One Wisconsin Institute: Second Protect Wisconsin’s Vote Summit Focuses on Registration Modernization, Voter Rights

Speakers Agree Wisconsin Can Do More to Protect the Right to Vote

MADISON, Wis. — Preserving voter rights, ensuring timely access to the polls and modernizing voter registration are critical to protecting democracy across Wisconsin was the consensus at the second annual Protect Wisconsin’s Vote Education Summit, held in the Madison Tuesday.

Hosted by the non-partisan, non-profit One Wisconsin Institute, the summit featured a broad coalition of voter rights advocates, including the League of Women Voters of Wisconsin, ACLU of Wisconsin, Citizen Action of Wisconsin Education Fund, the Election Protection Legal Committee and the Democracy Program of the Brennan Center for Justice.

Among the topics examined during the evening’s discussions were early voting and voter registration modernization, strengthening and protecting absentee balloting, accessibility to the polls, ex-offender re-enfranchisement, pitfalls of voter ID and benefits of preserving Election Day registration.

“In Wisconsin, we have a tradition of clean, fair and transparent elections with high voter turnout,” said Andrea Kaminski, League of Women Voters of Wisconsin Executive Director. “Efforts at reform should focus on increasing accessibility and participation. Any reforms that make voting less accessible, while attempting to fix problems that don’t exist, represent a net loss for democracy.”

Participants also emphasized the need to enforce existing voter rights laws, as well as modernize voter registration efforts to increase participation in all corners of the state. A number of voter registration laws, most which were designed in the 19th century are struggling to keep up with 21st century technology and modern elections.

“Election officials, experts and policy makers agree we deserve a modern voter registration system and that the time for reform is now,” said summit keynote speaker Adam Skaggs, Counsel in the Democracy Program at the Brennan Center for Justice. “Modernizing registration will leverage existing technologies to reduce burdens on voters, increase the accuracy and reliability of the voter rolls, reduce opportunities for fraud, and save taxpayers millions of dollars each year by increasing efficiency and dramatically reducing the costs of maintaining the voter registration system.”

Others emphasized the importance of voting and protecting communities against illegal voter suppression efforts, which have affected past elections.
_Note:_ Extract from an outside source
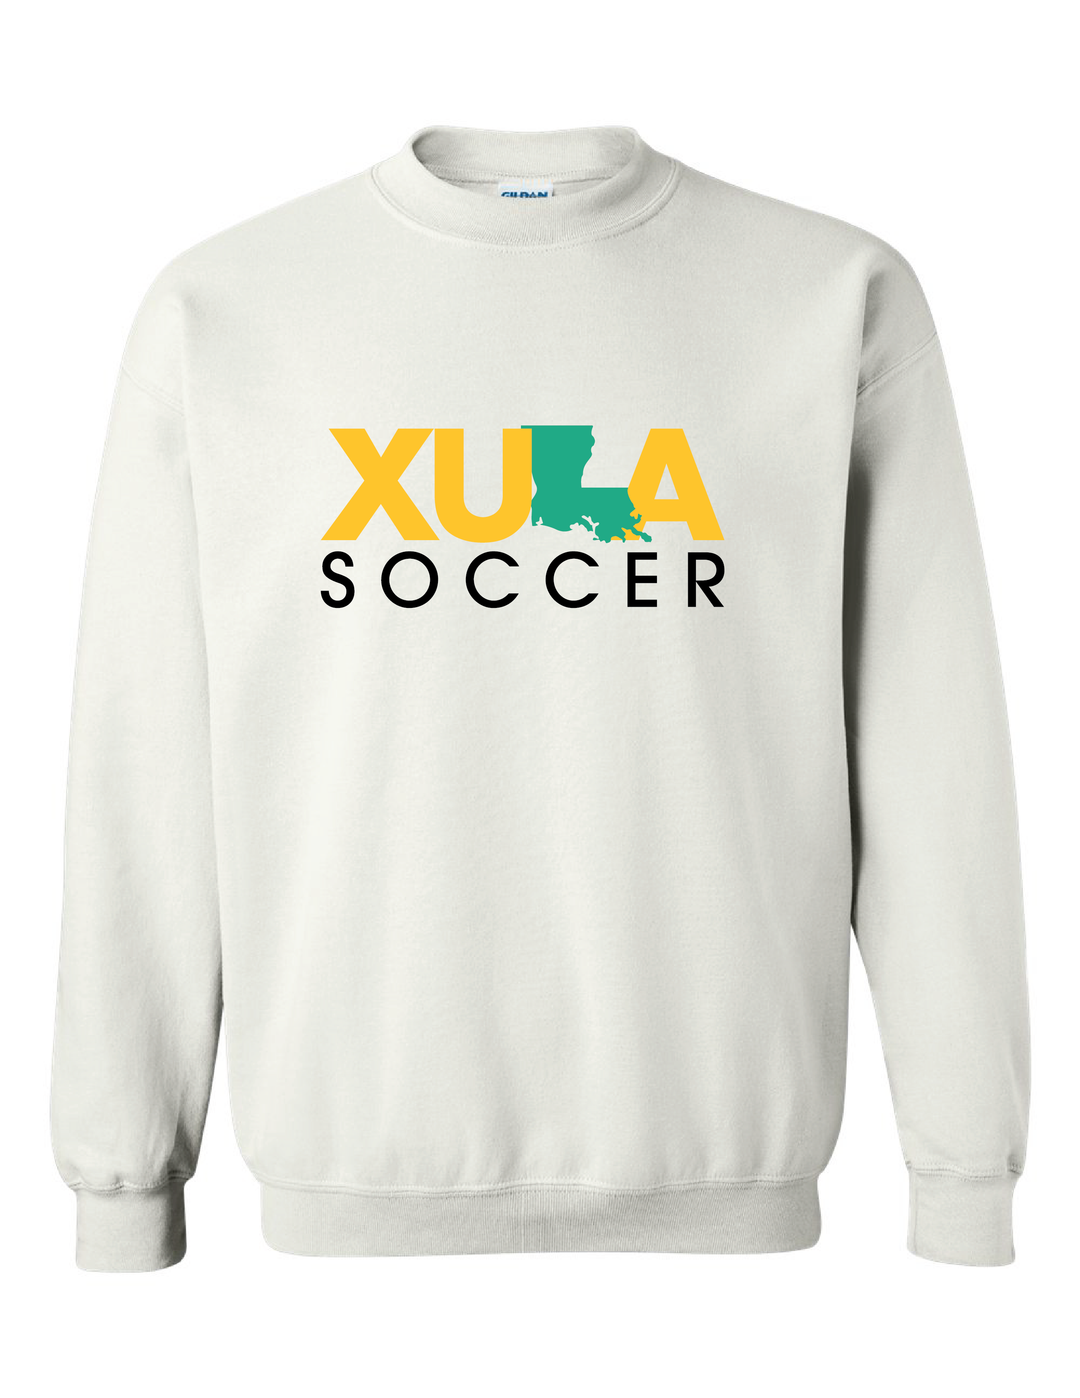 XULA Soccer Crewneck Sweatshirt Xavier University White Mens Small - Third Coast Soccer

“There is nothing more fundamental to democracy than the right to vote,” said Matt Brusky, Citizen Action of Wisconsin Education Fund Political Director. “Working to increase access to voting is essential to strengthening our democracy and expanding economic and social justice for all Americans.”

“In recent years millions of Americans, primarily those in minority communities, were denied their right to vote through a combination of illegal threats and intimidation, ineffective voter education, inadequately trained poll workers and voting machines that did not work,” said featured speaker and panelist Ann Jacobs, attorney with the Election Protection Legal Committee. “Our goal at Election Protection is to advocate to insure that all persons who are legally entitled to vote can do so safely, easily, and without obstruction.”

One piece of legislation now in the legislature would restore voting rights to ex-offenders who had served their time behind bars for felony crimes, but who because they remained on probation and parole, are unable to vote. Over 42,000 Wisconsinites are disenfranchised by the current law, including those who are working, paying taxes and raising families. Both voter rights advocates and law enforcement have supported the law change.

“National studies show that ex-offenders who vote re-offend at a rate of less than half the rate of those who do not vote,” said Renee Shavers Crawford, ACLU of Wisconsin Associate Director. “Voting is the act of a responsible citizen and as we reintegrate people into society, we need every tool we have to ensure our communities remain safe by encouraging responsible behavior such as casting a ballot.”

The evening also featured short films and provided attendees with information about becoming a non-partisan poll worker to assist local municipalities in administering fair and clean elections. One Wisconsin Institute also hosts a comprehensive, user-friendly website with information and resources for voters at

“The more people who vote, the more secure is our democracy,” said Scot Ross, One Wisconsin Institute Executive Director. “Laws which promote voter participation, such as no-excuse absentee balloting and Election Day registration must remain in place, while punitive efforts to limit voter participation like voter ID should remain off the statutes.”